Сарказм Мазеранга был явным. Он показал рукой на свой информационный центр.
– А ты прокрути мне сообщение со станции.
Мазеранг исполнил это со скучающим видом. Блаженный прочел.
– Четыре часа двадцать три минуты с момента схода. На посадку и высадку времени не хватило бы.

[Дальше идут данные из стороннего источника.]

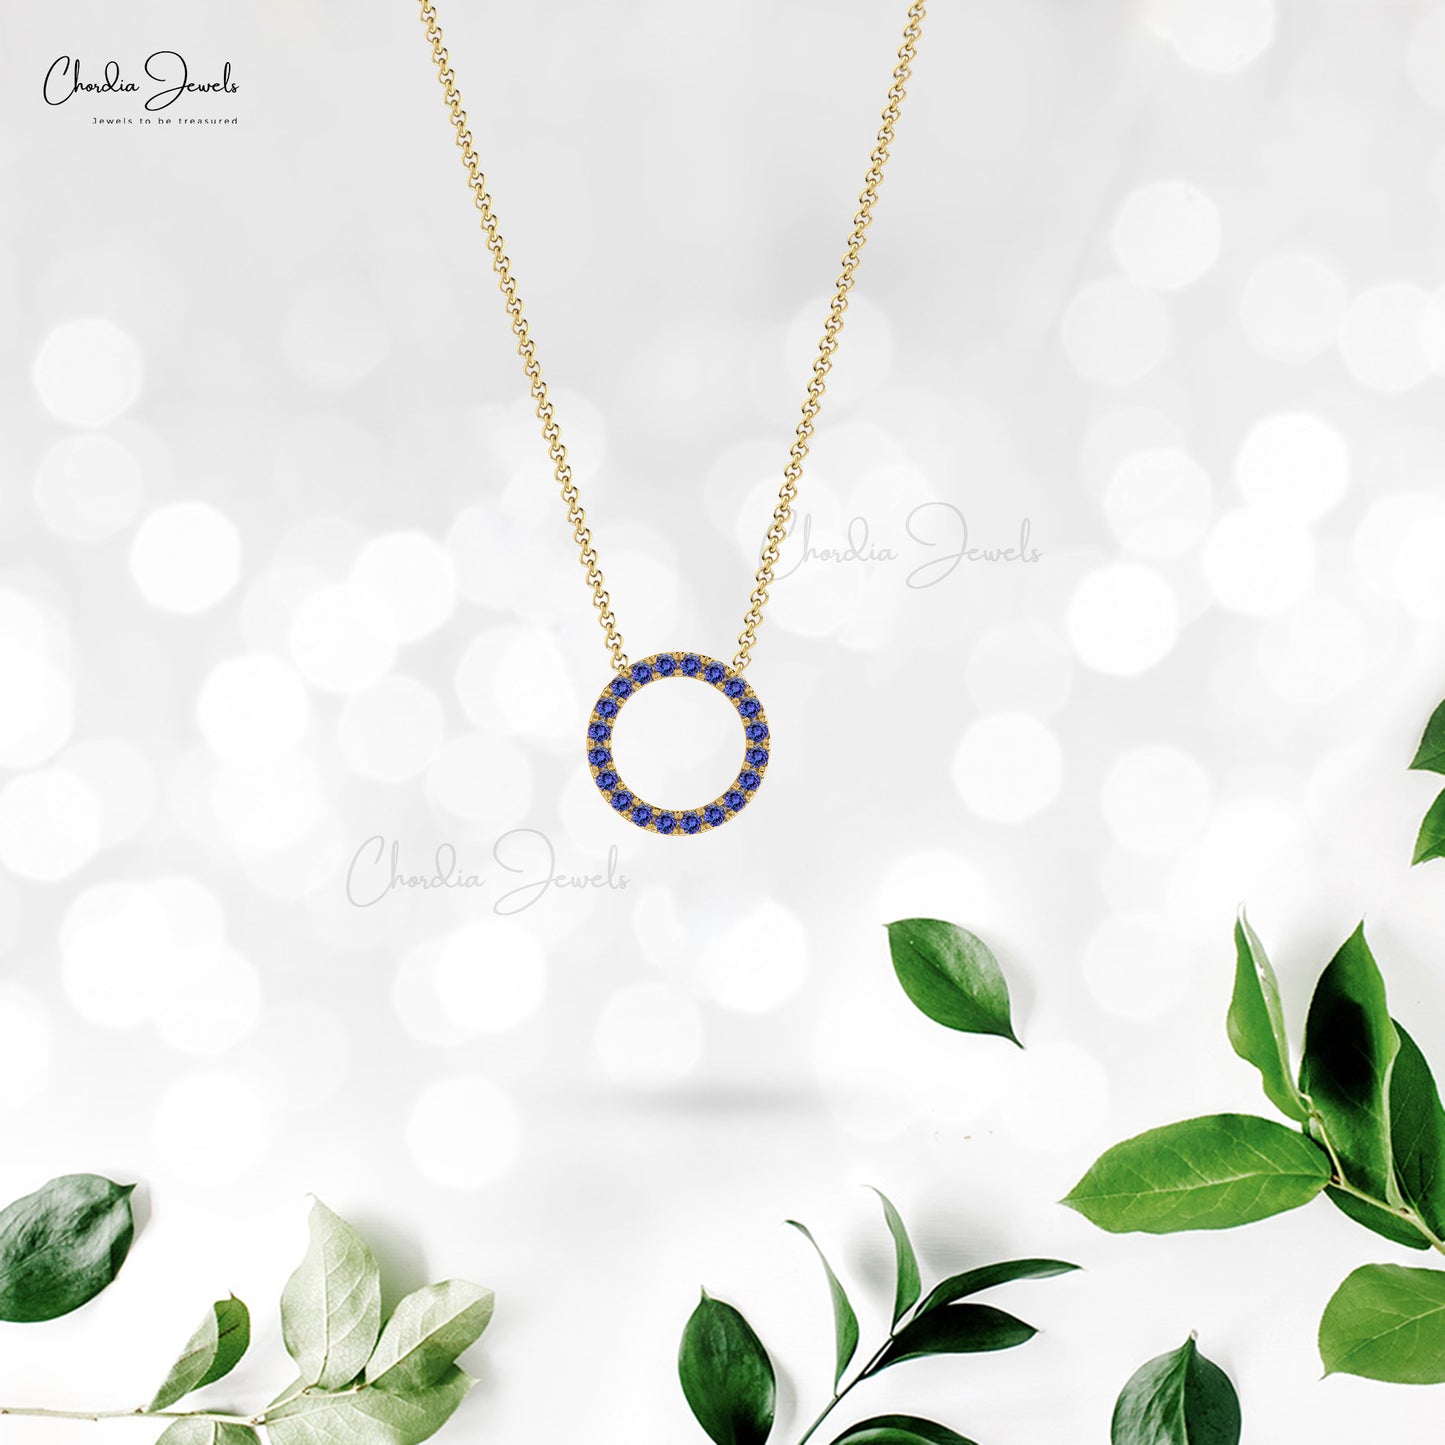 Circle Necklace Pendant in 14k Real Gold Genuine Blue Tanzanite Pave Set Gemstone Light Weight Jewelry For Women
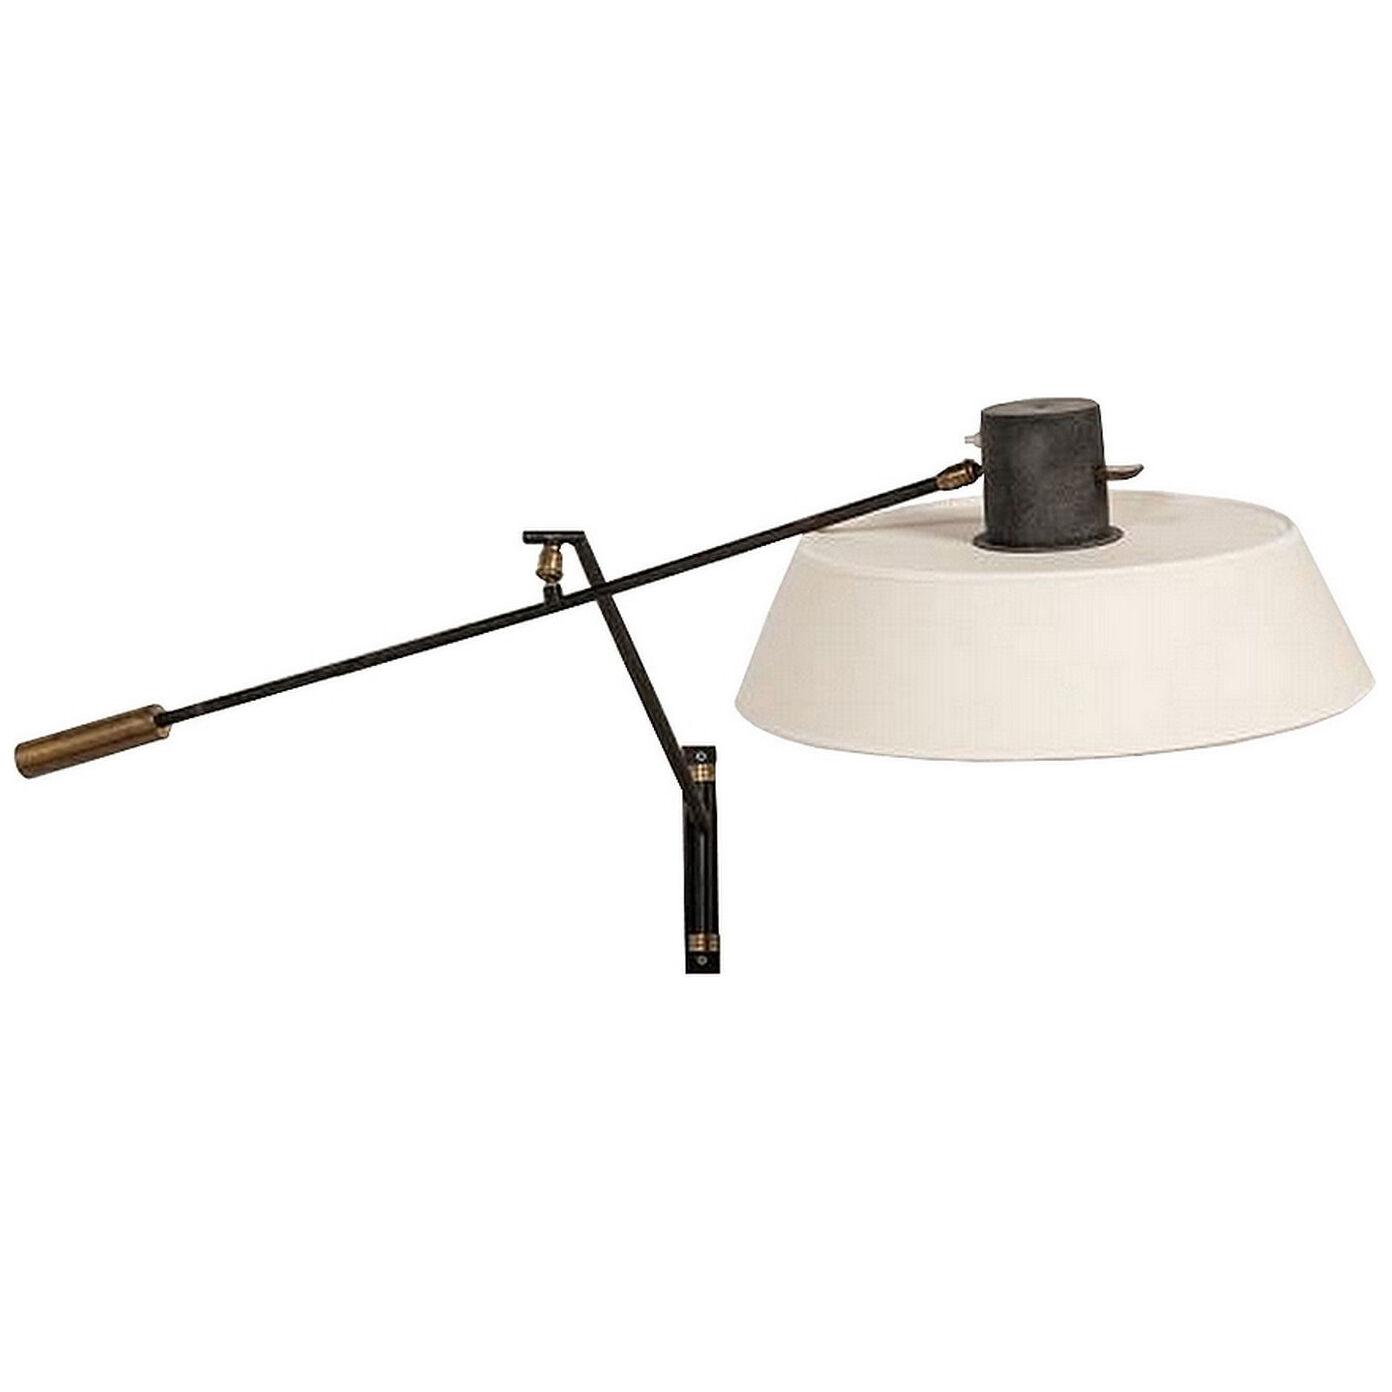 Wall ligth with counterweight, Maison Lunel France circa 1950

– Конечно, нет! – отрезала Валерена. – Он там залег в засаде. Здесь же прямо сказано.
– Что мы видим и что дед делает на самом деле – это не одно и то же, мама. Я предполагаю, что он хотел быть замеченным.
– Ерунда! – возразил Мазеранг. – Зачем ему?
– Потому что это дубль моего деда, который уже был подменен, возвращается выполнить обратную подмену.
– Не давай увлечь себя воображению. Это нельзя было бы сделать так, чтобы наши агенты не заметили.
– Ни ты, ни твои агенты не заметили среди гостей на твоей веранде Лупо Провика под личиной Никлы Одгехвана. И он уже неделю на Приме.
Мертвое молчание. Молчание – как удар. Будто коготь смерти прочертил воздух комнаты.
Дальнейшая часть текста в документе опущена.